El Atlas, la peana del mundo
Las Cascadas de Uzud, en el Atlas Medio marroquí, 2015. Fotografía: Alberto Loyo / Getty.

Ouzoud significa «aceituna» en lengua bereber, y las cascadas más altas y bellas de Marruecos se llaman así por los olivos que flanquean y ofrecen sombra al camino por el que se accede a su parte inferior. Es el uadi Tissakht —afluente del Oued el Abid— el que, en llegando a las anfractuosidades próximas al pueblo de Tanaghmeilt, forma este majestuoso salto de agua que en realidad son varios; una escalinata de agua con siete escalones, habitualmente ceñida con un arcoíris. Un paraje de ensueño, con aires de oasis.
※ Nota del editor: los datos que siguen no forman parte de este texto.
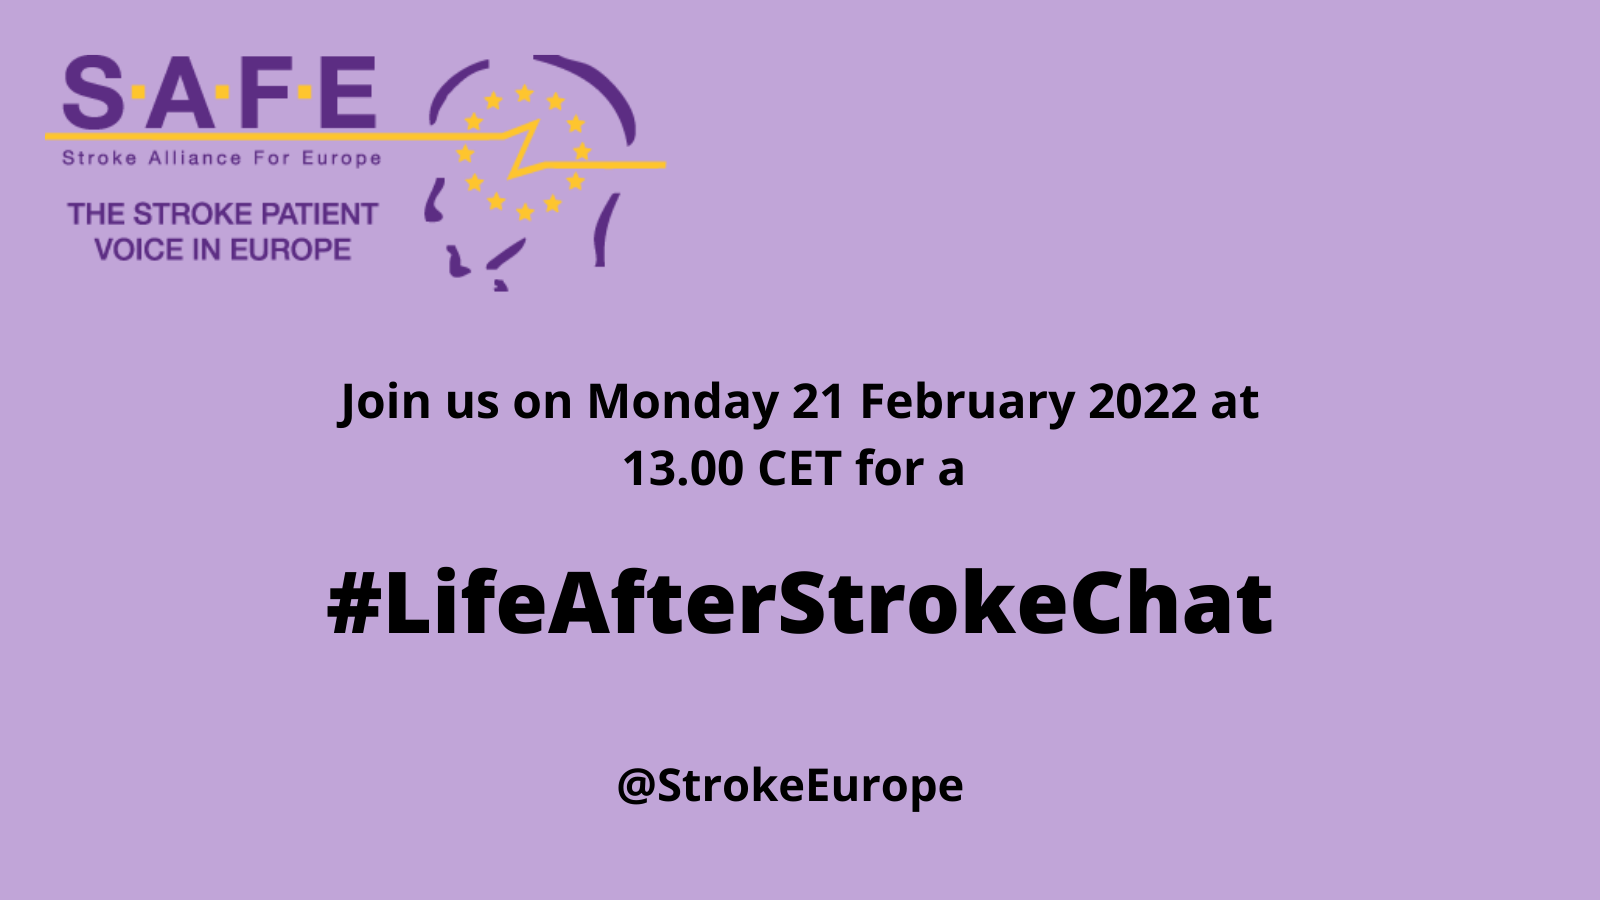 Our first Tweetchat launched – #LifeAfterStrokeChat
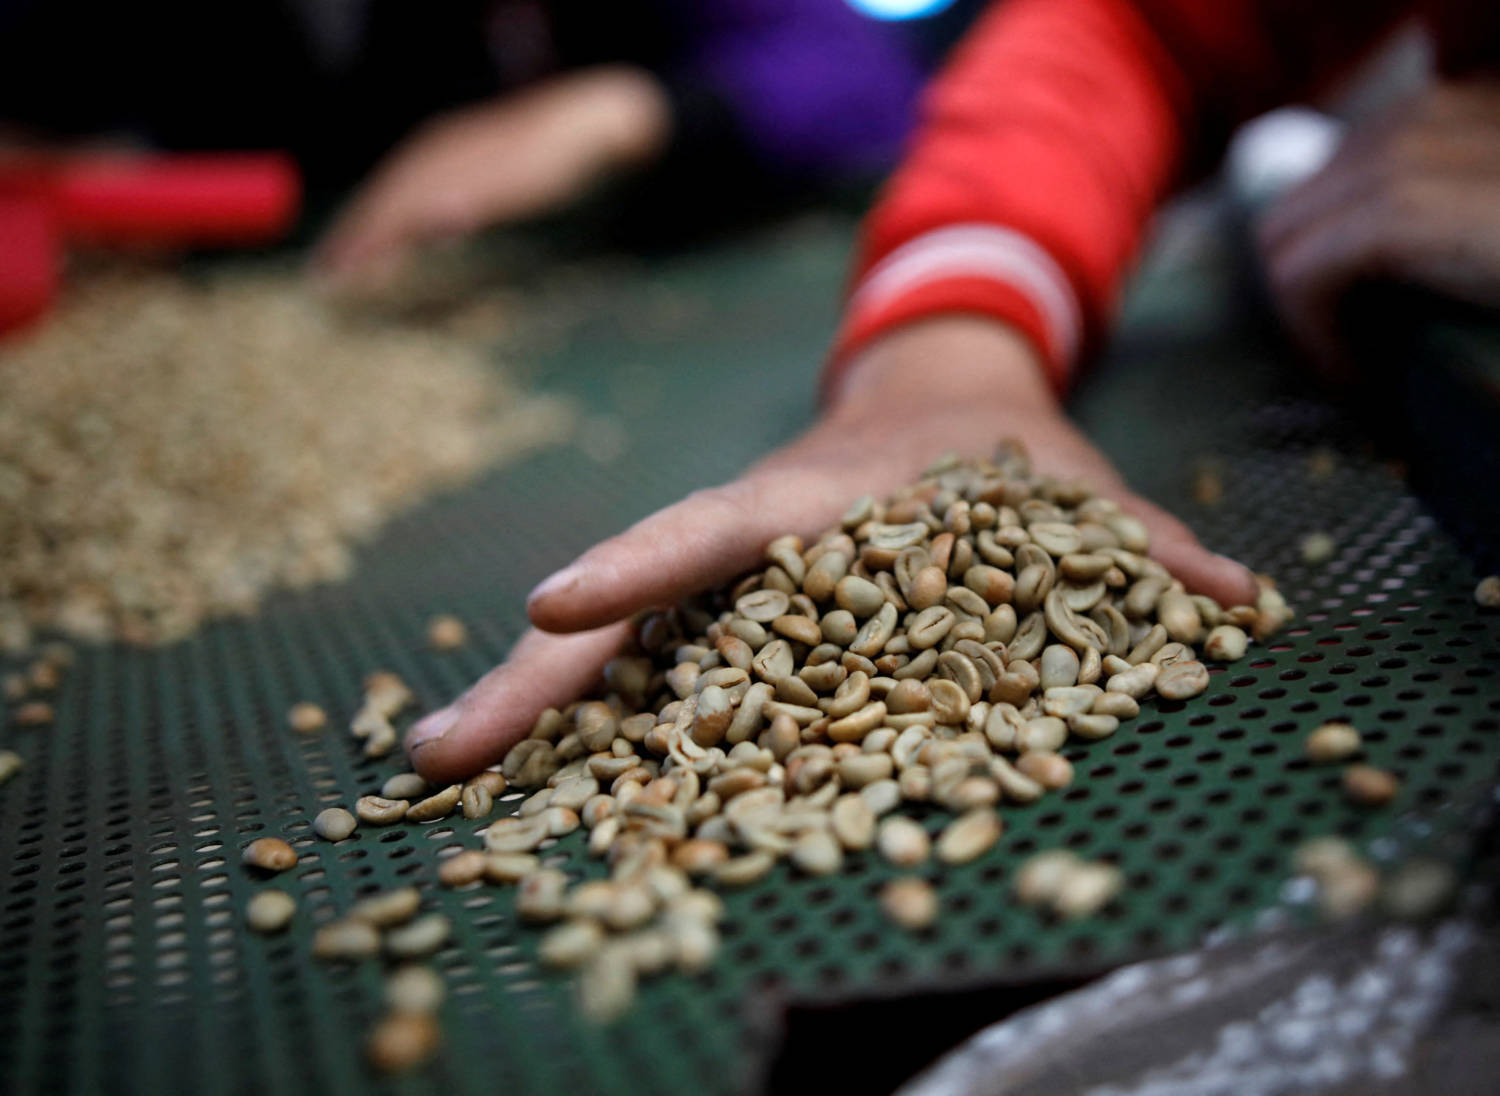 File Photo: Workers Sort Arabica Green Coffee Beans At A Coffee Mill In Pangalengan, West Java

No solo los olivos mullen la arenisca roja de este rincón del Atlas Medio: hay almendros, higueras, algarrobos. Cae a ciento cincuenta kilómetros de Marrakech, pero el turismo que afluye a él es todavía predominantemente nacional; familias y grupos de amigos marroquíes que vienen a refrescarse en los días de calor. El agua es limpia y muy fría, y está permitido el baño bajo las propias cascadas. A la vera del río hay restaurantes que plantan sus mesas en el mismo cauce del río, de manera que se puede comer o cenar con los pies sumergidos en el agua. Tal vez con una pintoresca compañía: la de los macacos de Berbería, una especie en peligro de extinción (aunque goza de buena salud en Gibraltar), pero cuyos miembros han aprendido que esta romería de turistas es una fuente de alimento fácil.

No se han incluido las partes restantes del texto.